* SOURCE DATA
* * * * * * *

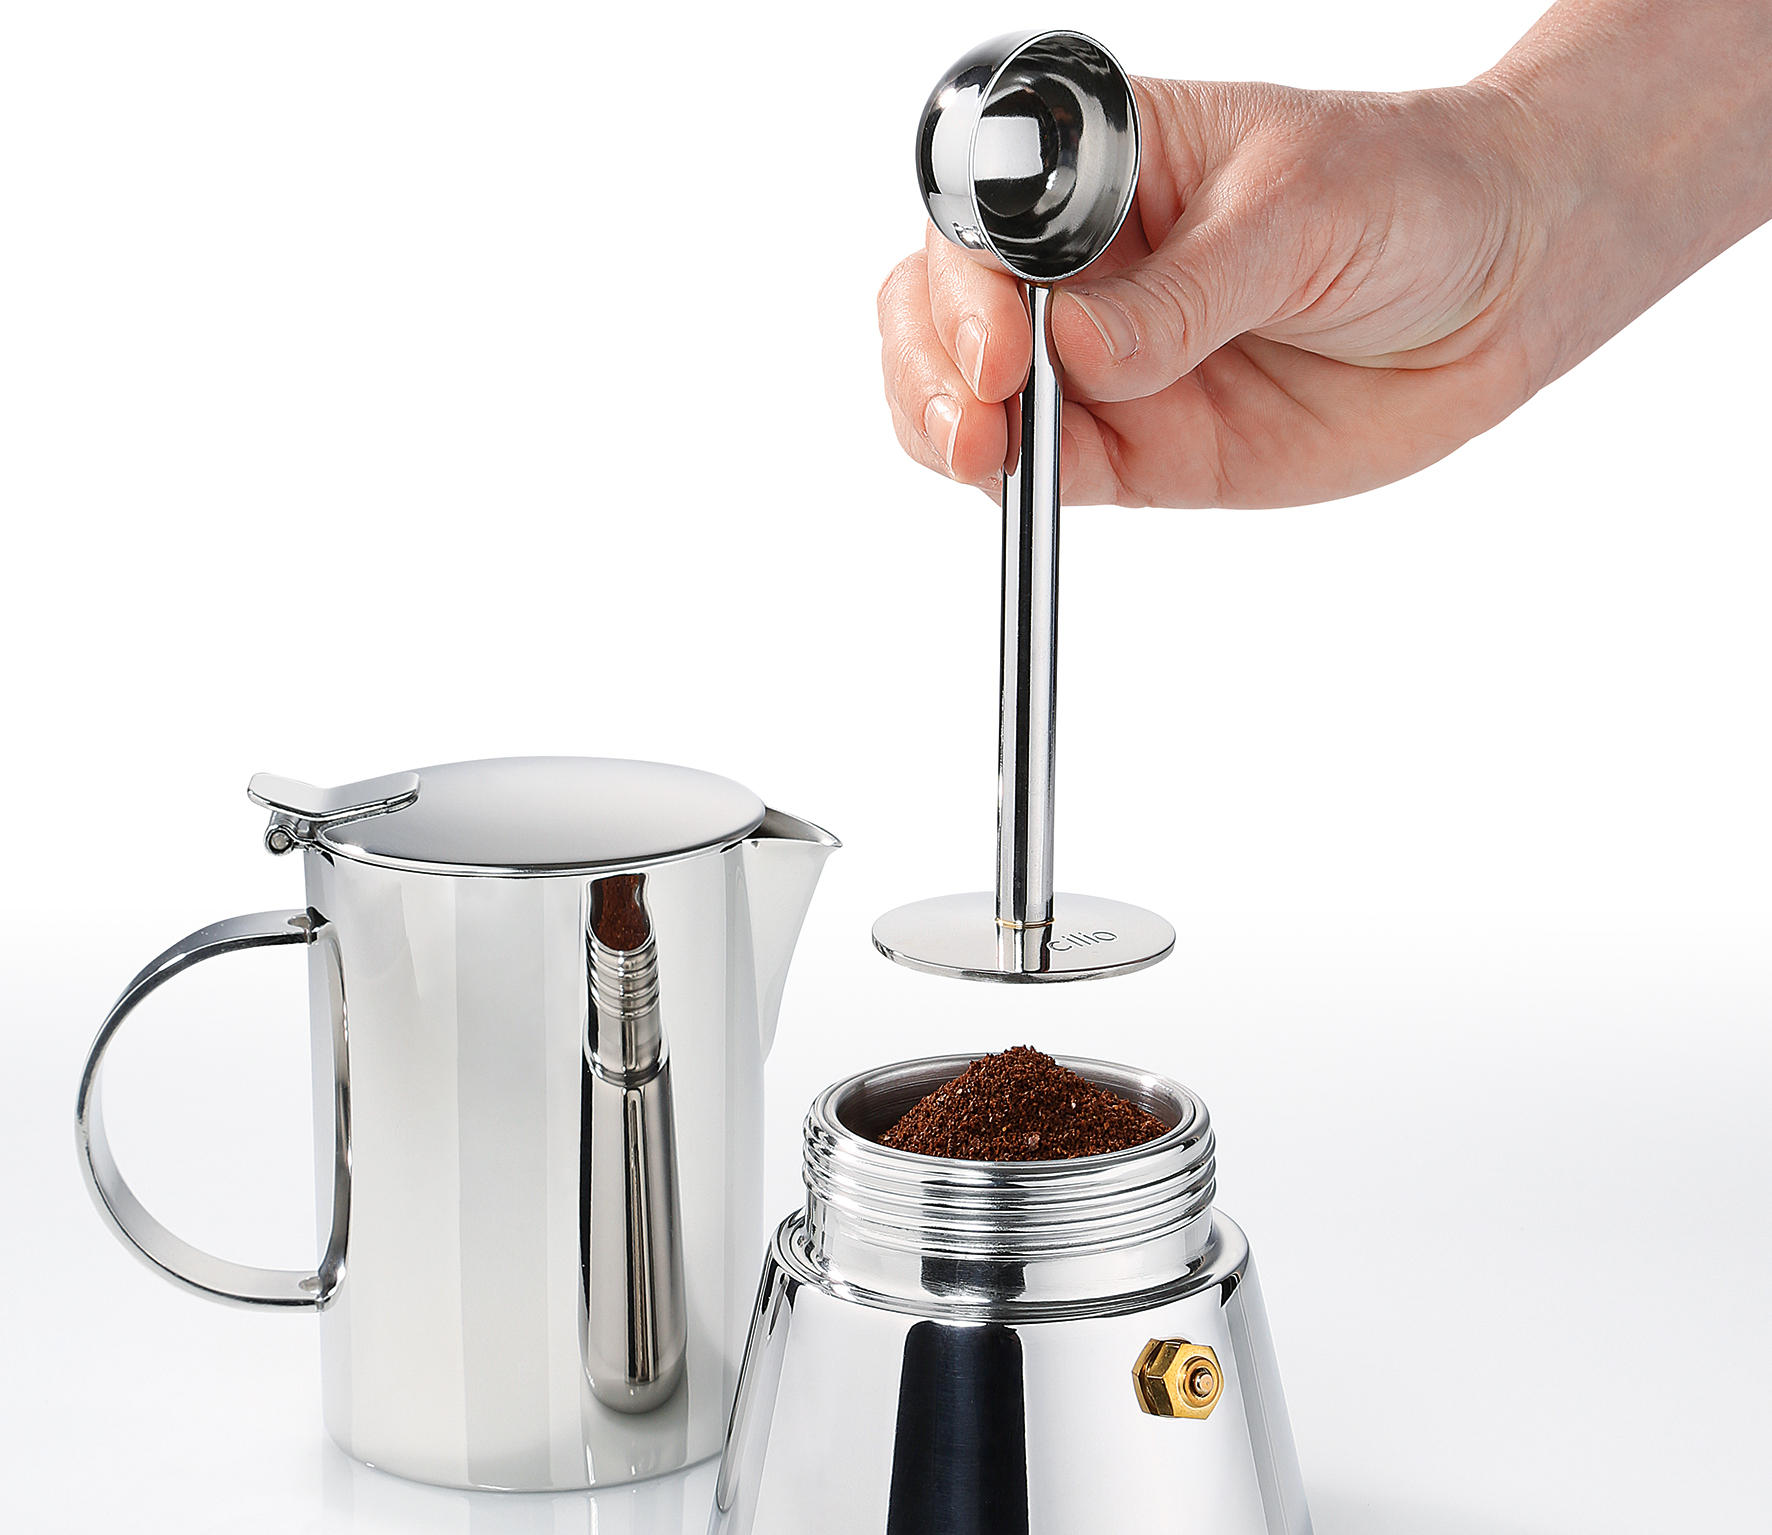 Cilio - Espressodrücker mit 5g Kaffeelot
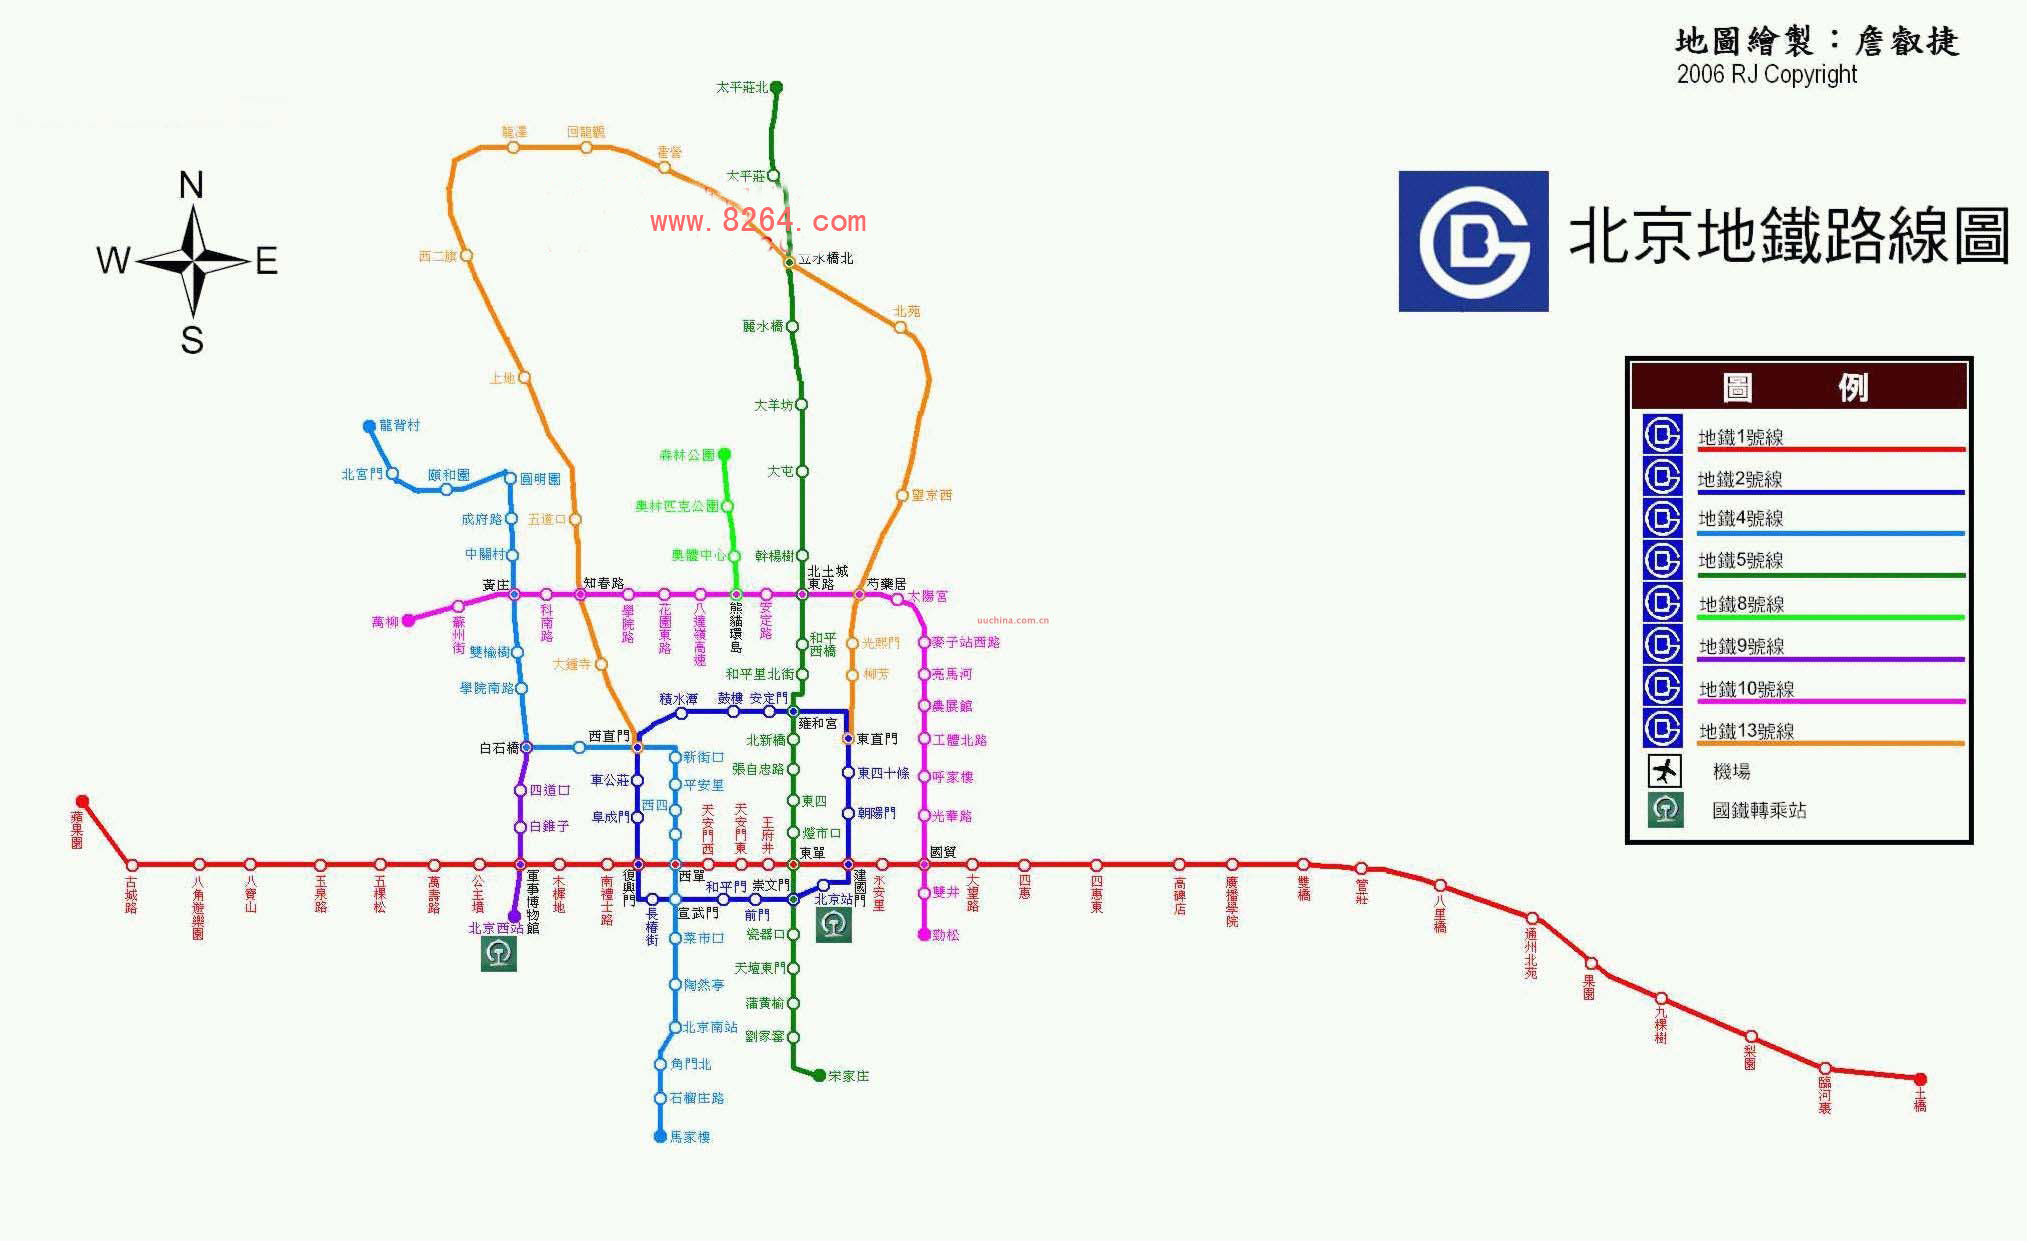 Beijing Subway Map -- click to enlarge
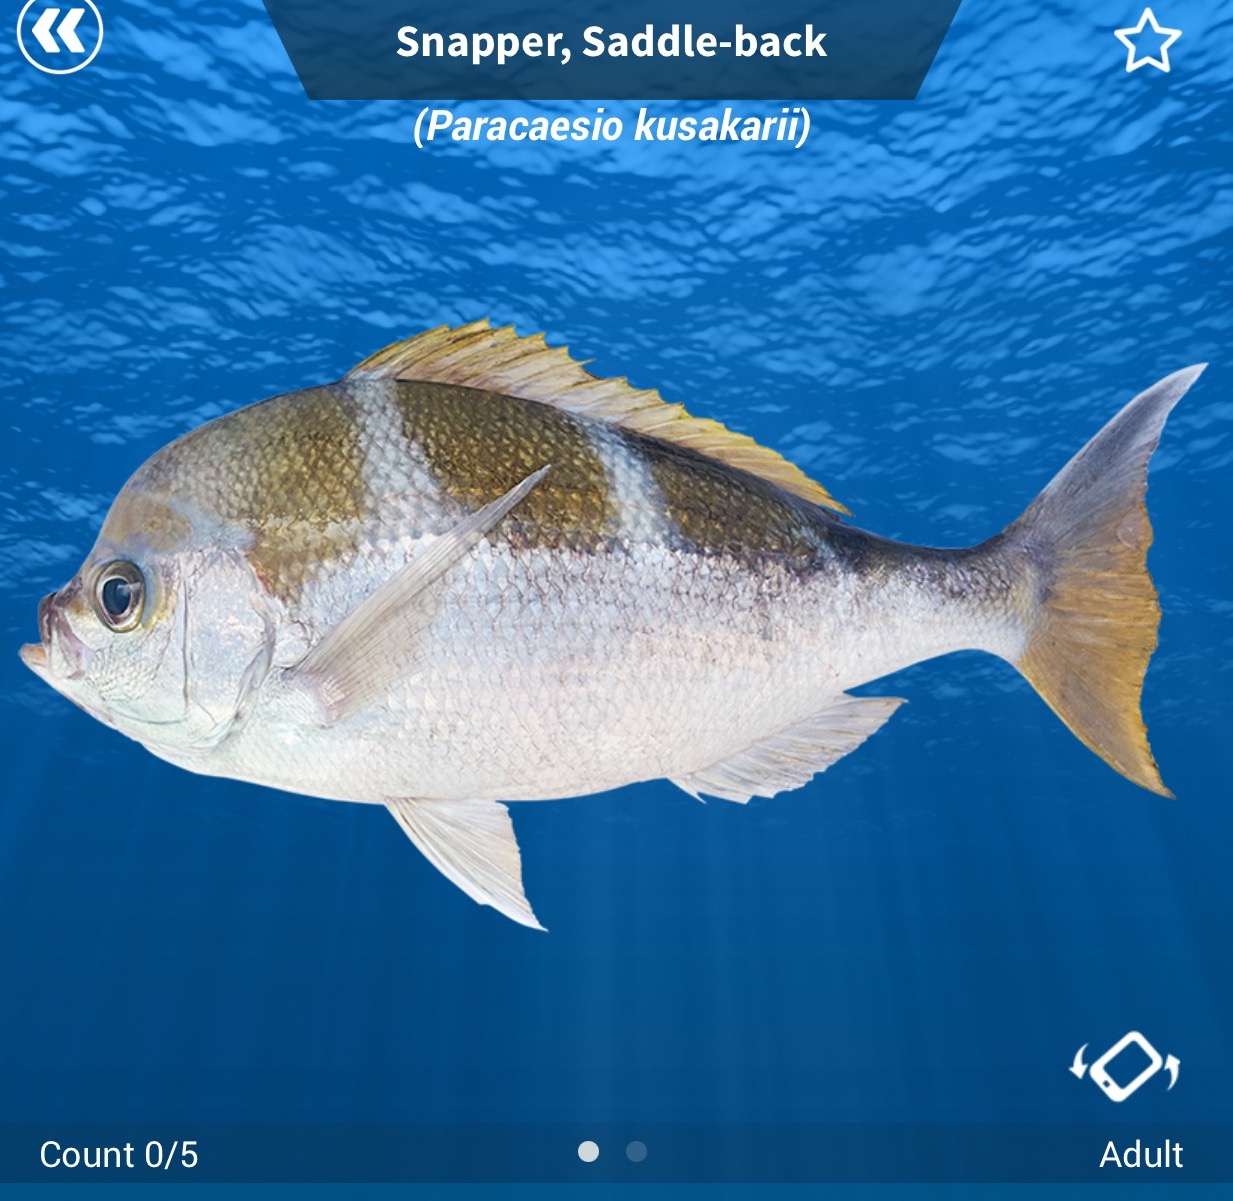 iDfish - Fish Identification Application
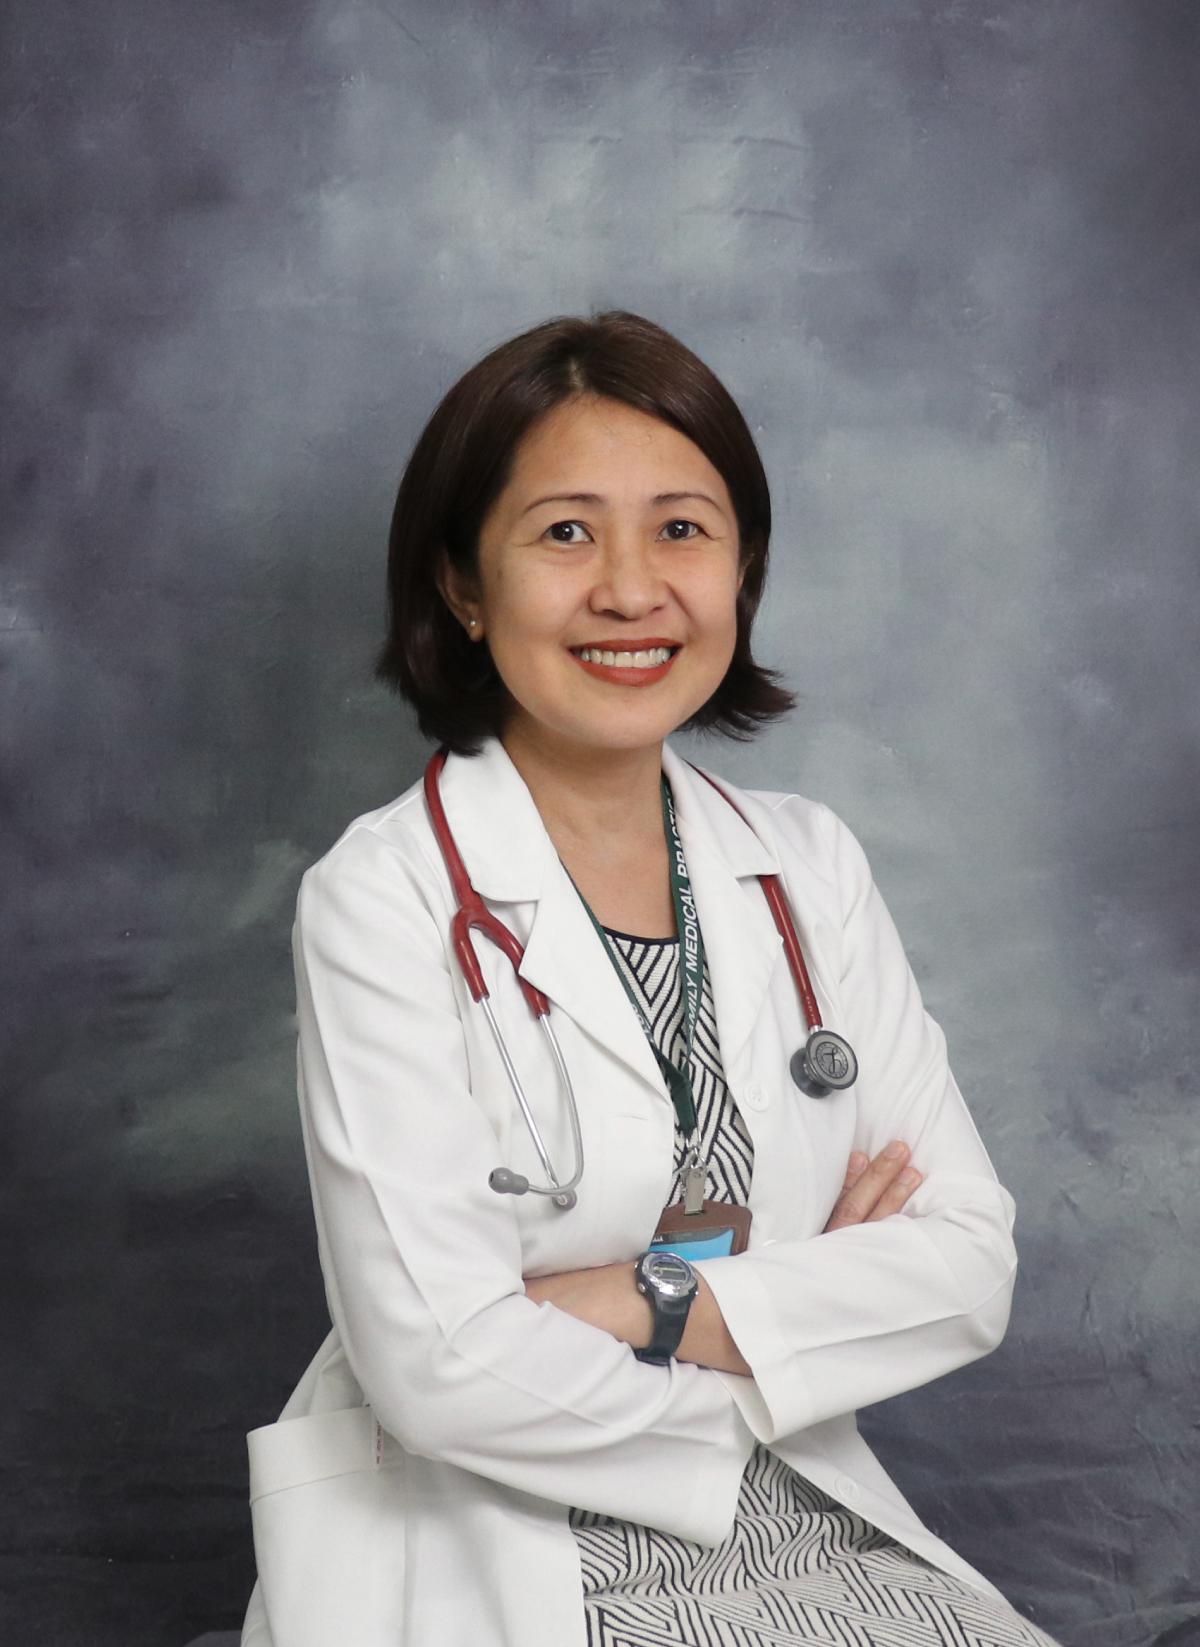 Dr. Sheila Rodriguez

* * * * * * *

* ASSIGNED TASK
Every line of the material should be repeated precisely; pictures are to be excluded.

* TASK RESPONSE
 Cilio - Espressodrücker mit 5g Kaffeelot
 Beijing Subway Map -- click to enlarge
 iDfish - Fish Identification Application
 Dr. Sheila Rodriguez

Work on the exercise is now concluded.